The demo on itch is actually quite old. I have not released an updated demo as the last 6ish months I've largely been focused on mid/late game content that I won't be putting in the public demo. That said, I know I've done quite a bit of optimizations on memory management/loading resources since then - this might clear up those issues you had around performance.

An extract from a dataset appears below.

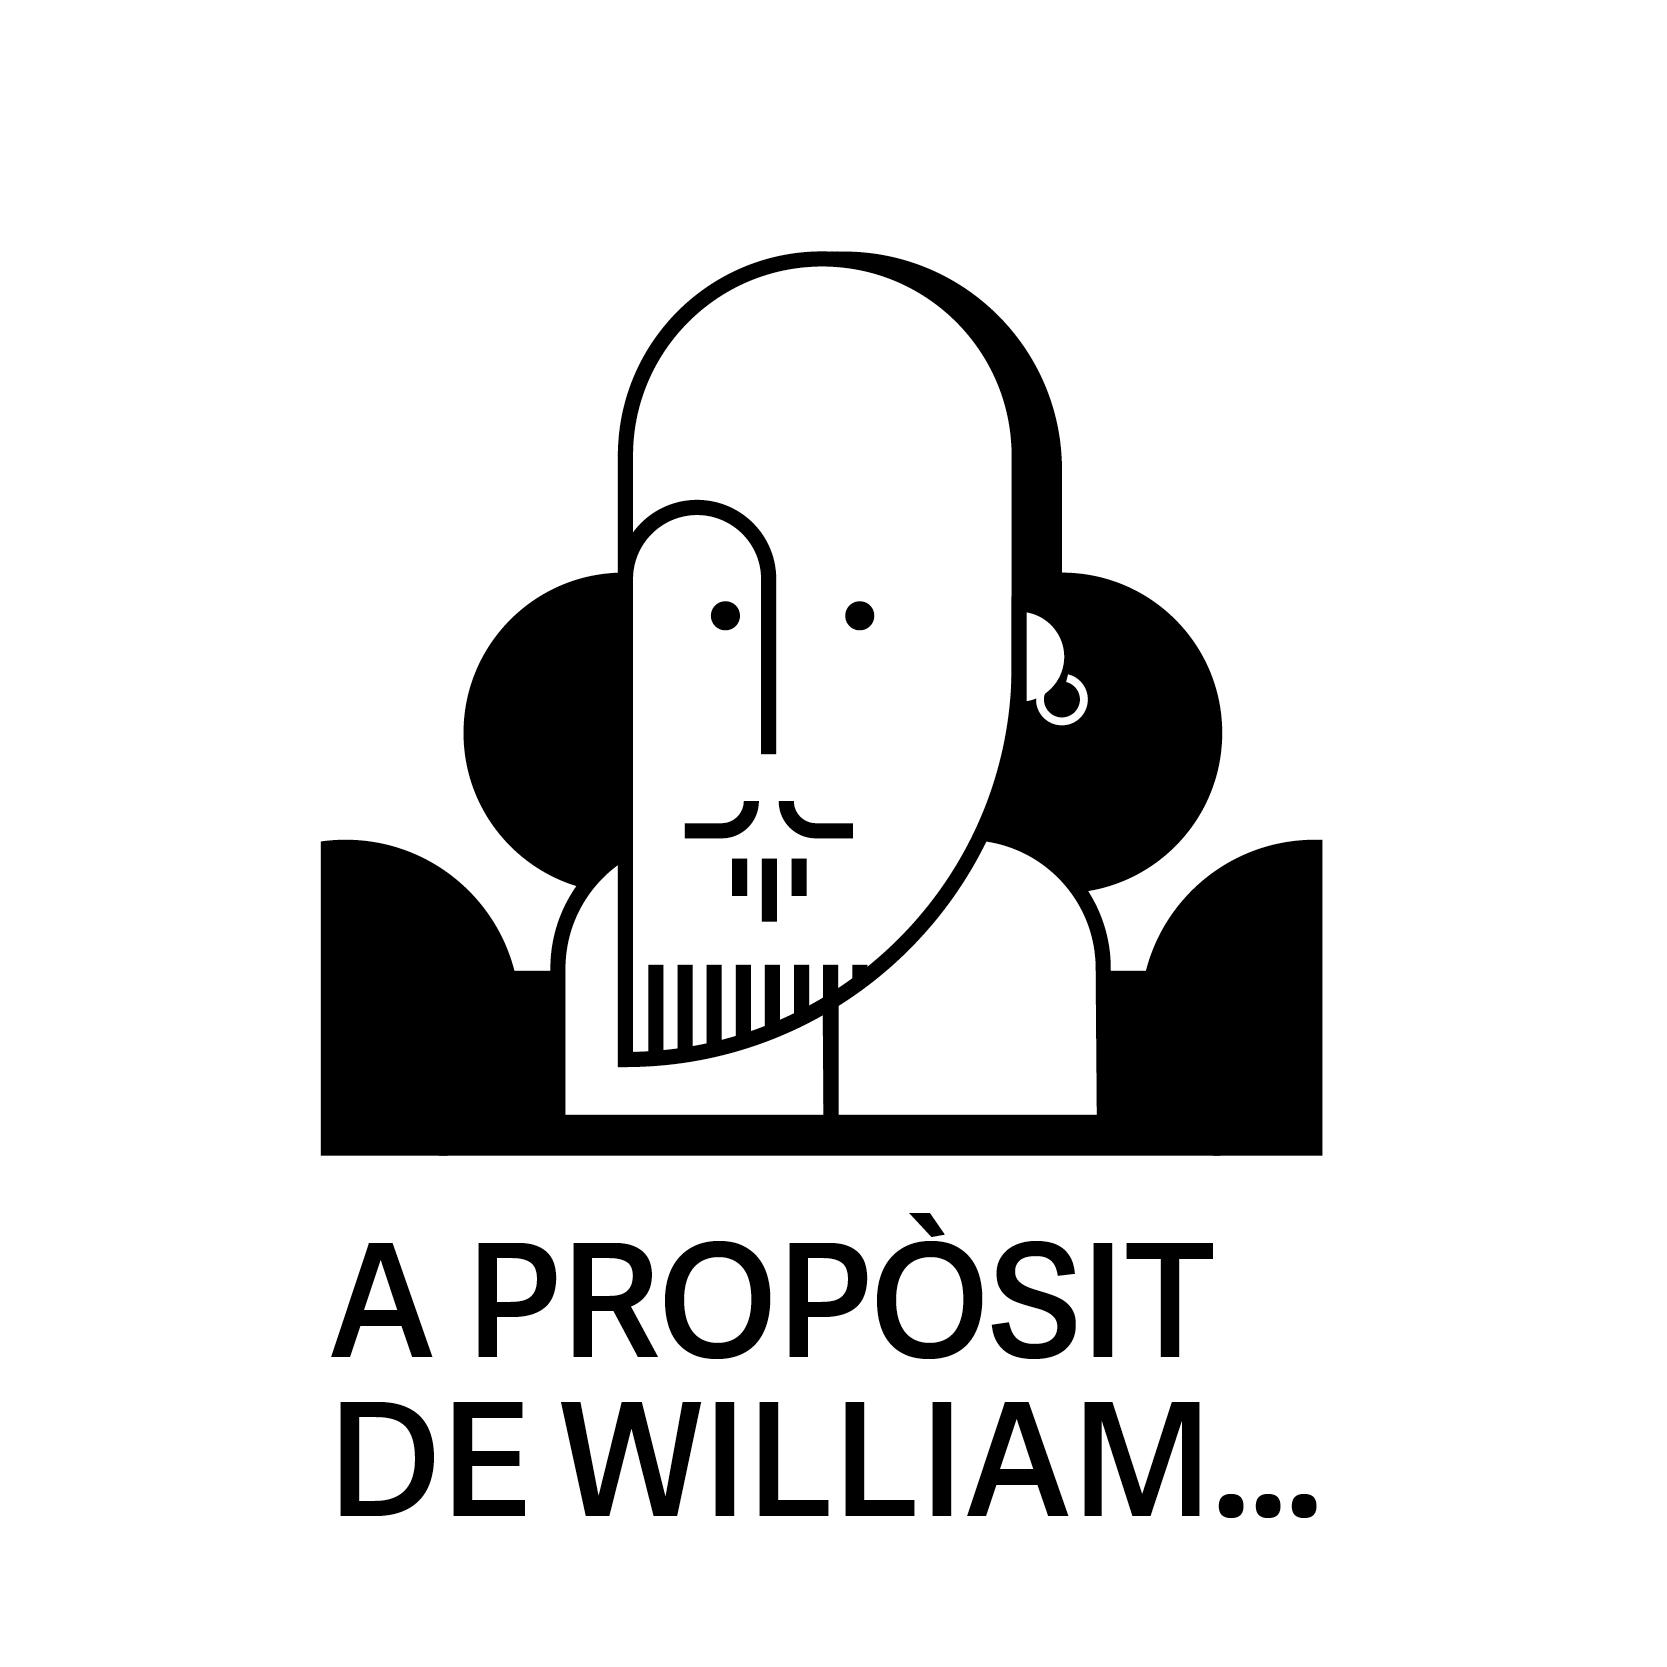 A proposit de William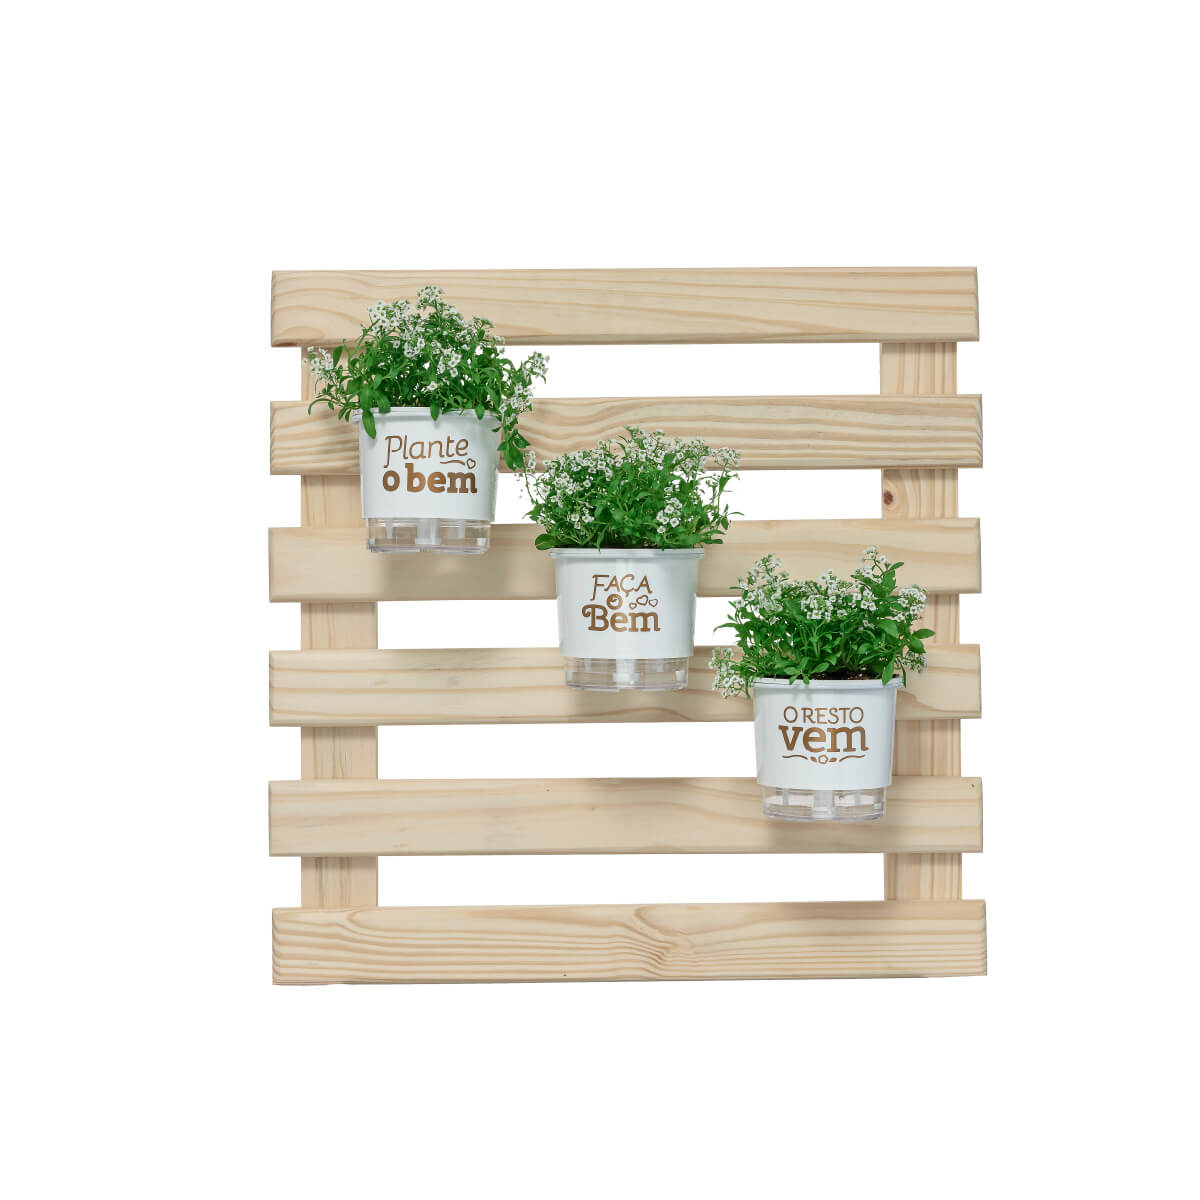 Mini Jardim Vertical 60cm x 60cm Plante o Bem Branco  - Loja Raiz

As for bullet visibility - I've actually put a quite a bit of time into it. I do try to strike a balance between good looking graphics and bullet visibility. I think there's a lot of bullet hell games out there that don't look that great because of it. Everyone can be different, someone people might have a hard time vs others won't.  Because of that I tried to include as many options as possible for people who might have issues - not sure if you poked around the options menu. Basically, you said "take the graphics down a notch" - you can do this yourself with options. Firstly you can dim the background - you can even selectively disable background elements. You can change the color and style of the bullets. You can change the color of the bullets per level (this feature might be buggy in the demo I have now, but it's since been fixed - just not updated in the demo).  There aren't too many styles of bullets right now - but I plan to add more .  You can also turn off debris particles and/or explosions altogether. 

Really meant to accommodate multiple types of players. There are players that might play more casually - maybe credit feed a little, maybe play on a lower difficulty and will want a nice visual experience vs players who want to score chase and optimize on the highest difficulty. 

As for the TV sitch - not sure if you say TV if you're sitting on a couch playing it like a console game - honestly I can't play bullet hell games like this. A lot of these are designed around Japanese arcade cabinets where you sit down directly in front of it. From what I've seen the most popular options are either PC(or console plugged into a monitor) or the Nintendo Switch (handheld). Often with vertical shmups like this - it's put in TATE mode (which SF also supports) and rotate the screen to a portrait orientation. 

Artstyle/gameplay inspiration - you nailed it pretty close on the head. My goal was to make a game with more "western" art style with Japanese gameplay design. 

I didn't intentionally set out to make "Amiga inspired graphics" but I did grow up playing DOS games which are similar so I think it naturally came out in my art style.  Design it meant to be a little manic, little bit bullet hell. Not quite as fast as bullets from Psikyo/Raiden games but also not slowing moving thru a screen full of slowly moving bullets.

Glad you noticed the bosses. Each stage has two midbosses and depending on the rank one or both of those midbosses might be something different. Bosses are also completely different based on rank. Basically each stage has at least a possible total of 3 midbosses and 2 bosses. Bosses have unique sound tracks as well (although lvl 1 I think I got 3 bosses -one of those is not unique). I think the game will have an upwards of 25 unique music tracks. I started making a shmup because it was a creative outlet for me and drawing cool spaceships was my favorite part - everything else is work - so the game will end up with around 250 unique enemies (i.ve got a castlevania style bestiary of all the enemies you've encountered - not in the demo now, but it's a feature I have). 


Thanks again for the feedback - I really do appreciate it - especially more constructive criticism. I know hearing "wow this game is so awesome" *feels* better to hear- but actually hearing what issues people have is actually more valuable in the long rung.